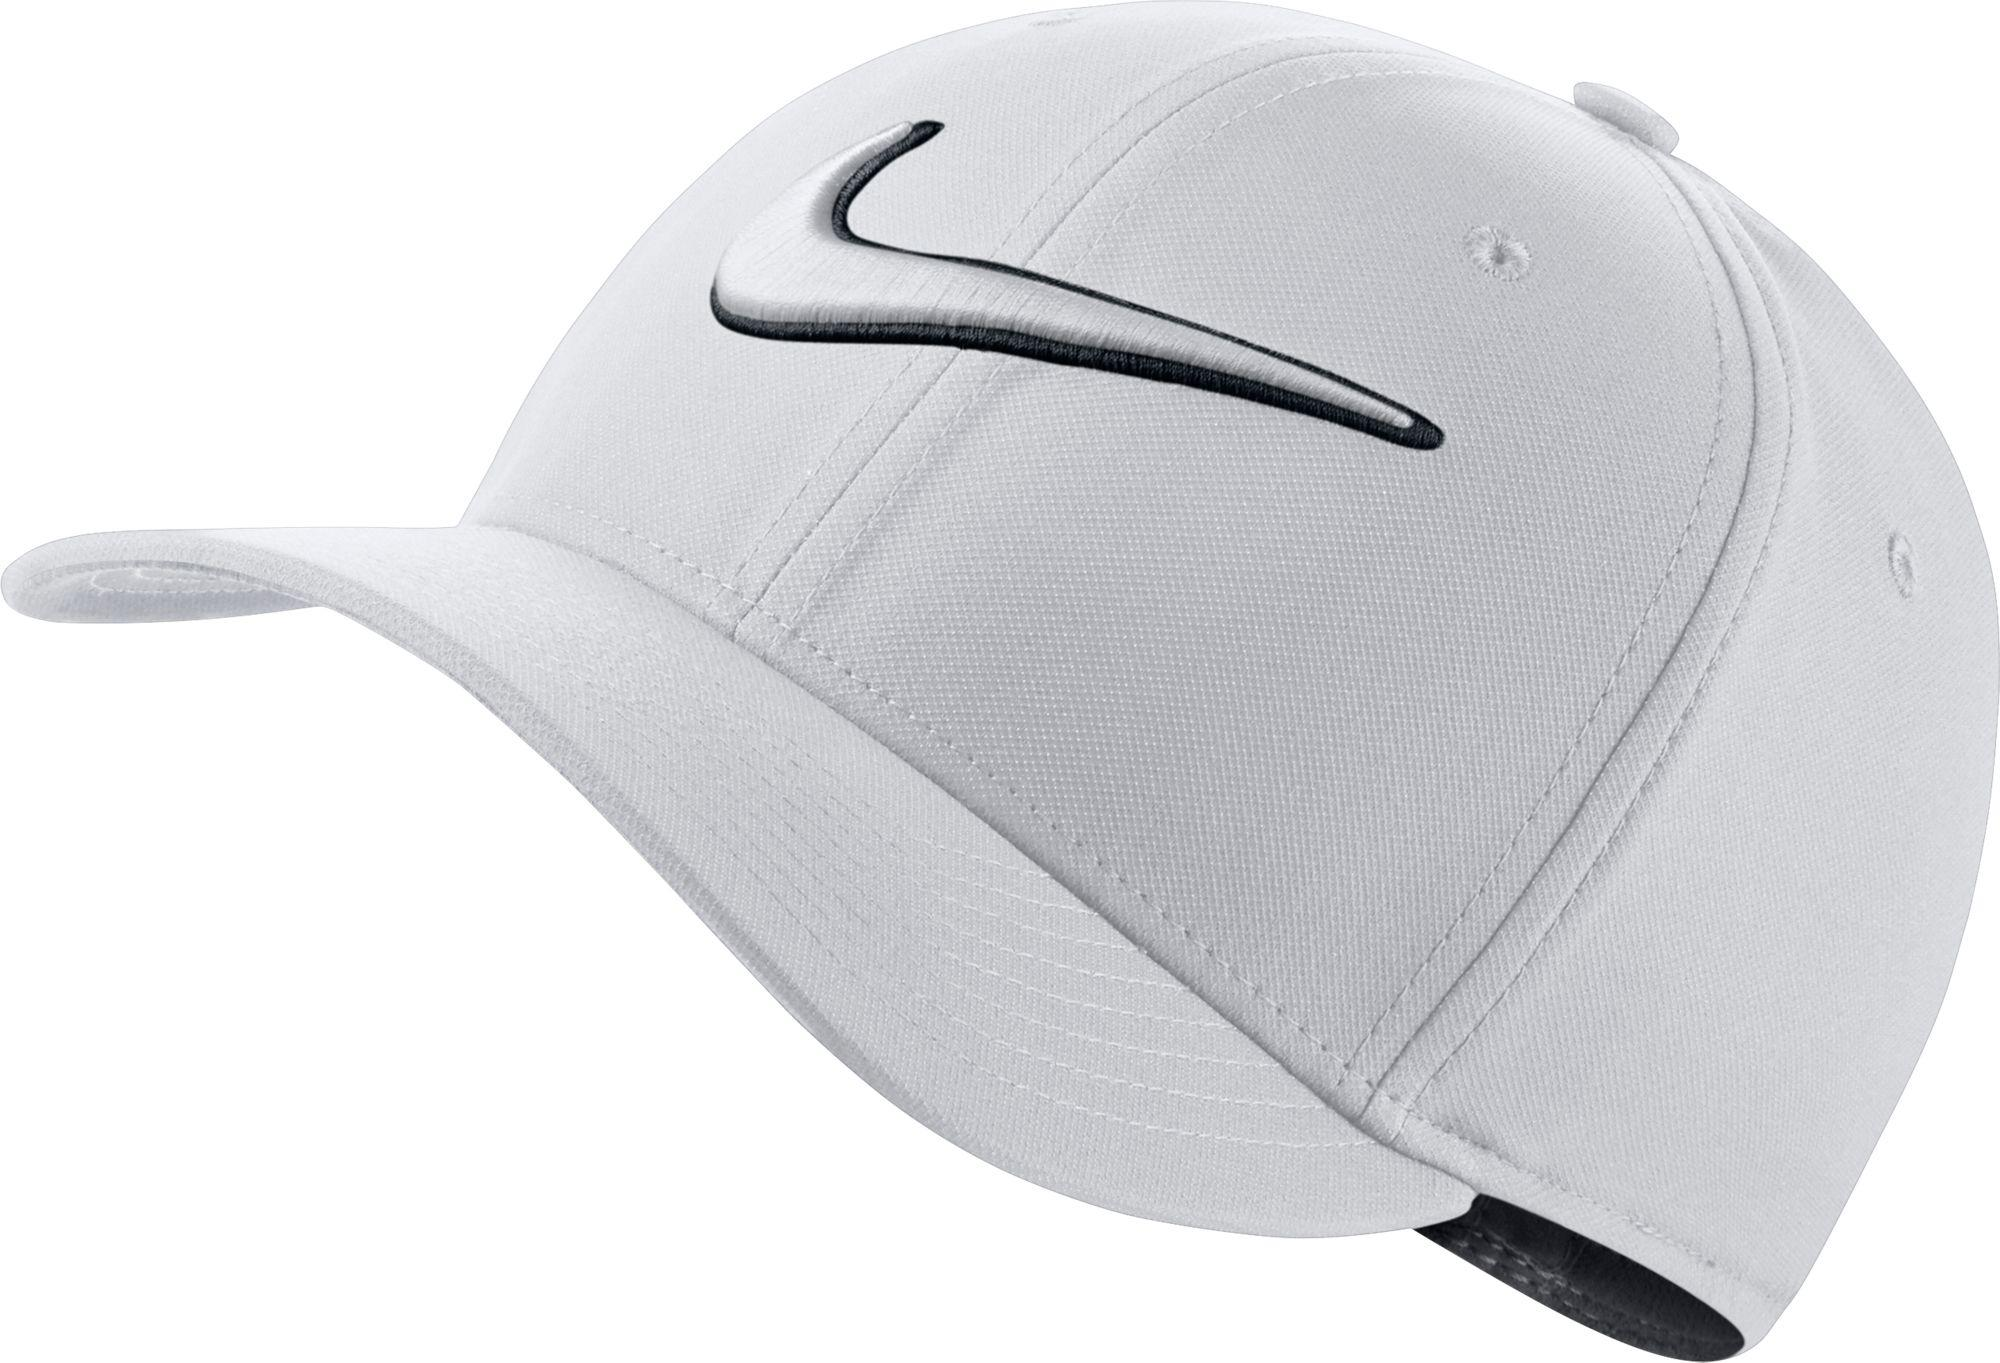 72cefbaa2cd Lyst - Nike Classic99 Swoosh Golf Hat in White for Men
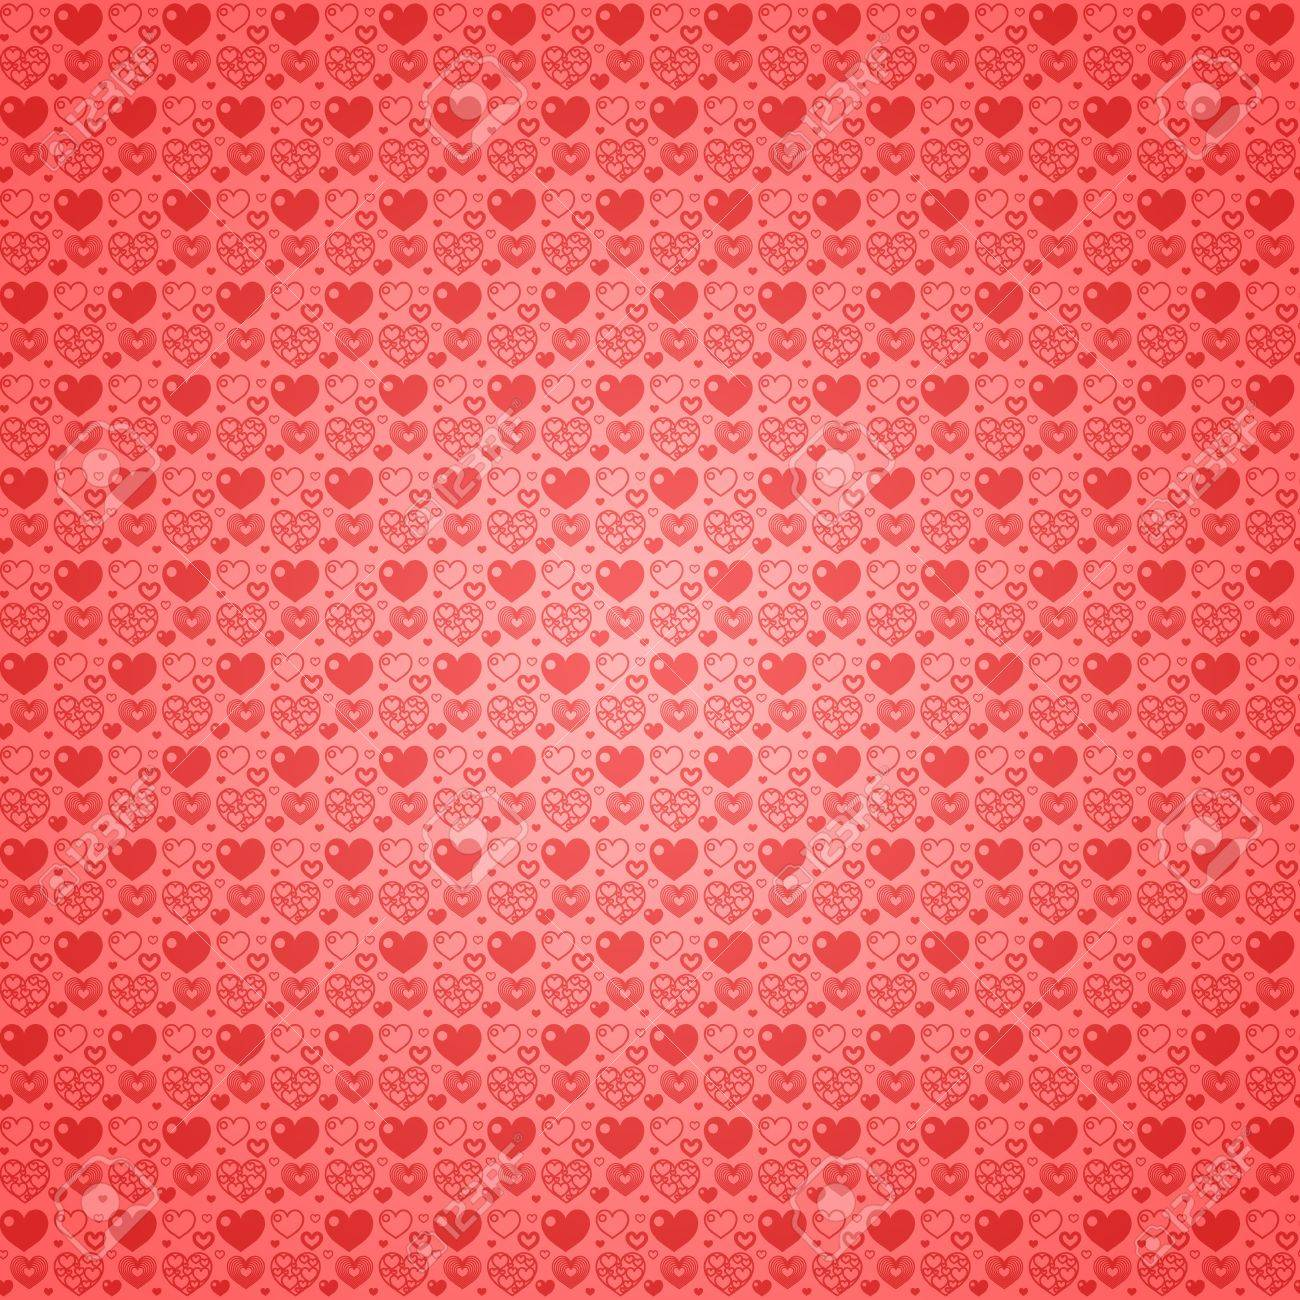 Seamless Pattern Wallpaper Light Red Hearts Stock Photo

--

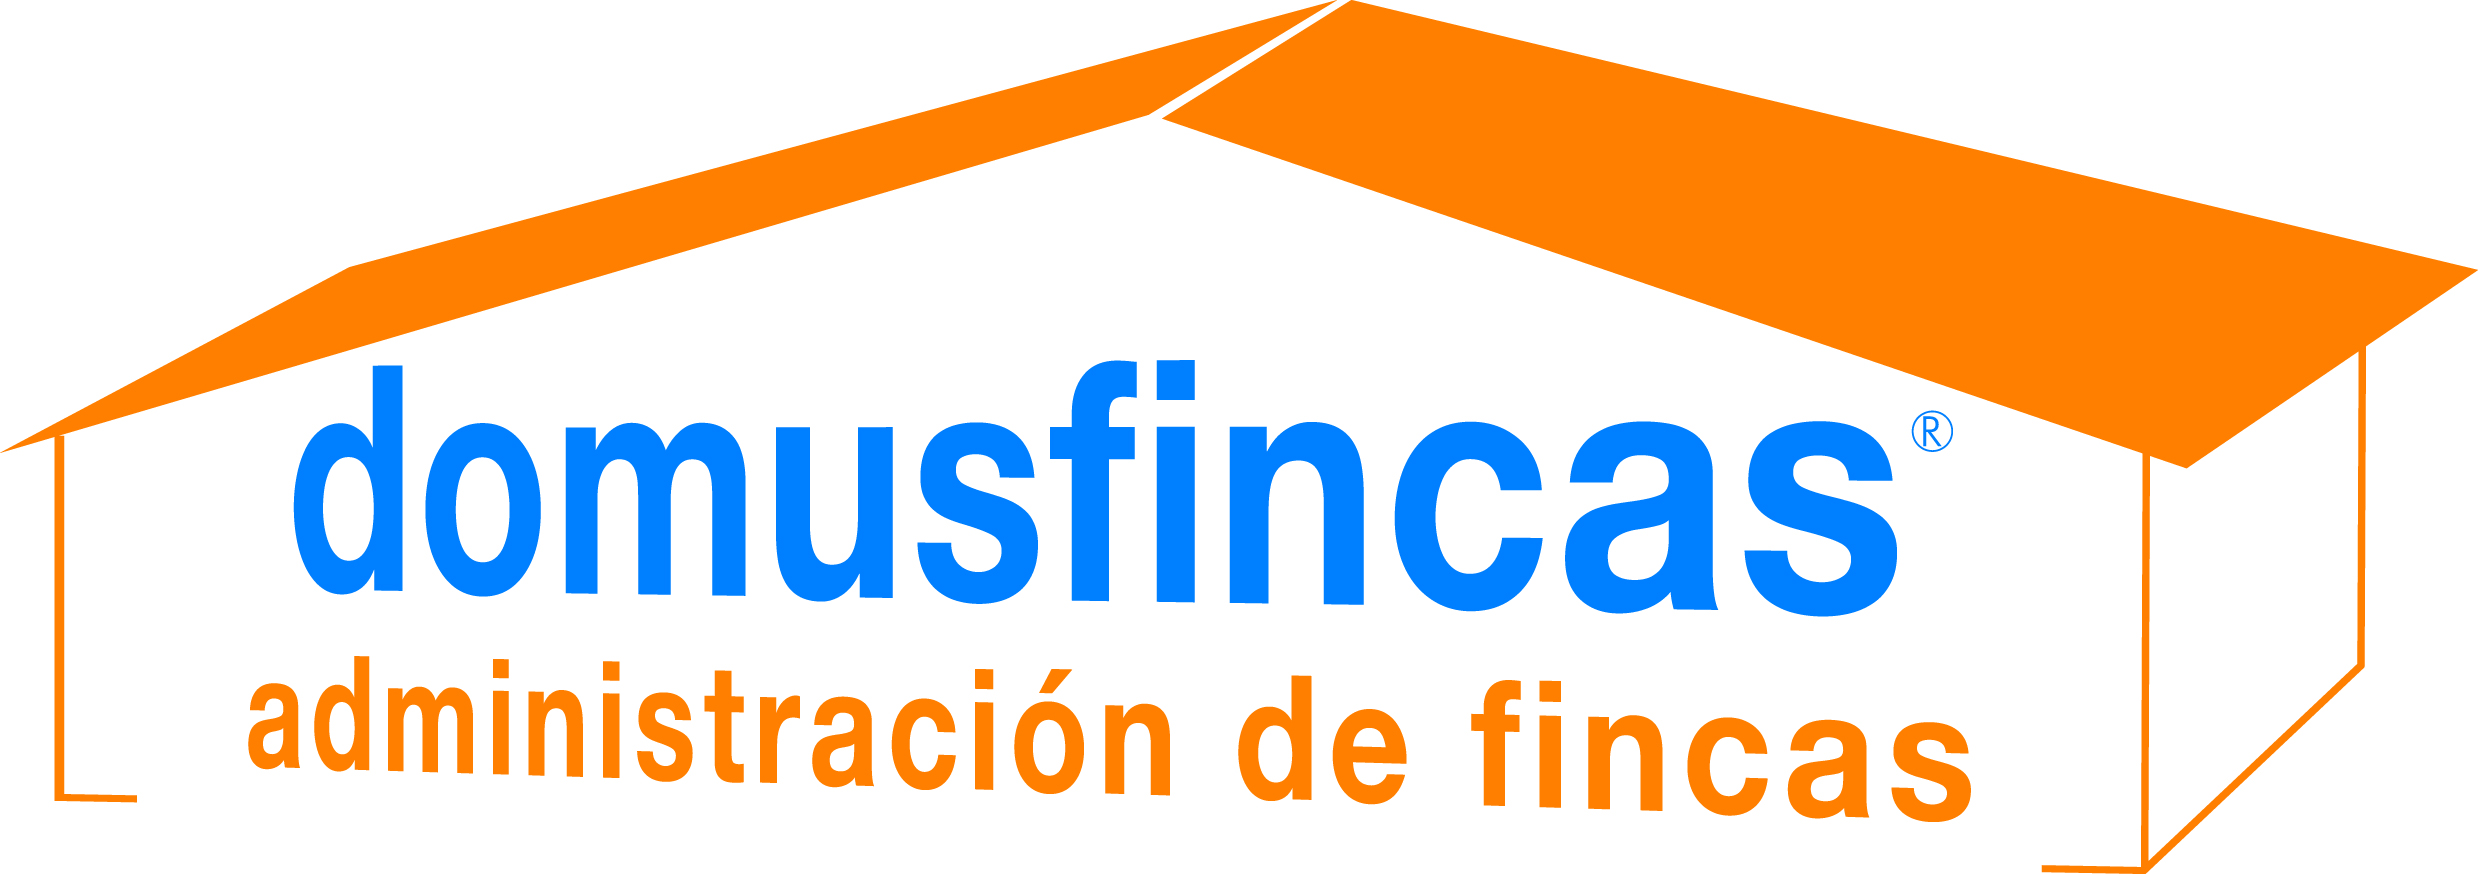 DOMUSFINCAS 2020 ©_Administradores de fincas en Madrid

▶ **What to do**
A word-for-word reproduction is needed of the lines above from the line containing "72cefbaa2cd Lyst - Nike" through the line containing "Seamless Pattern Wallpaper", with both ends kept and no pictures.

▶ **Exercise result**
 72cefbaa2cd Lyst - Nike Classic99 Swoosh Golf Hat in White for Men
 Seamless Pattern Wallpaper Light Red Hearts Stock Photo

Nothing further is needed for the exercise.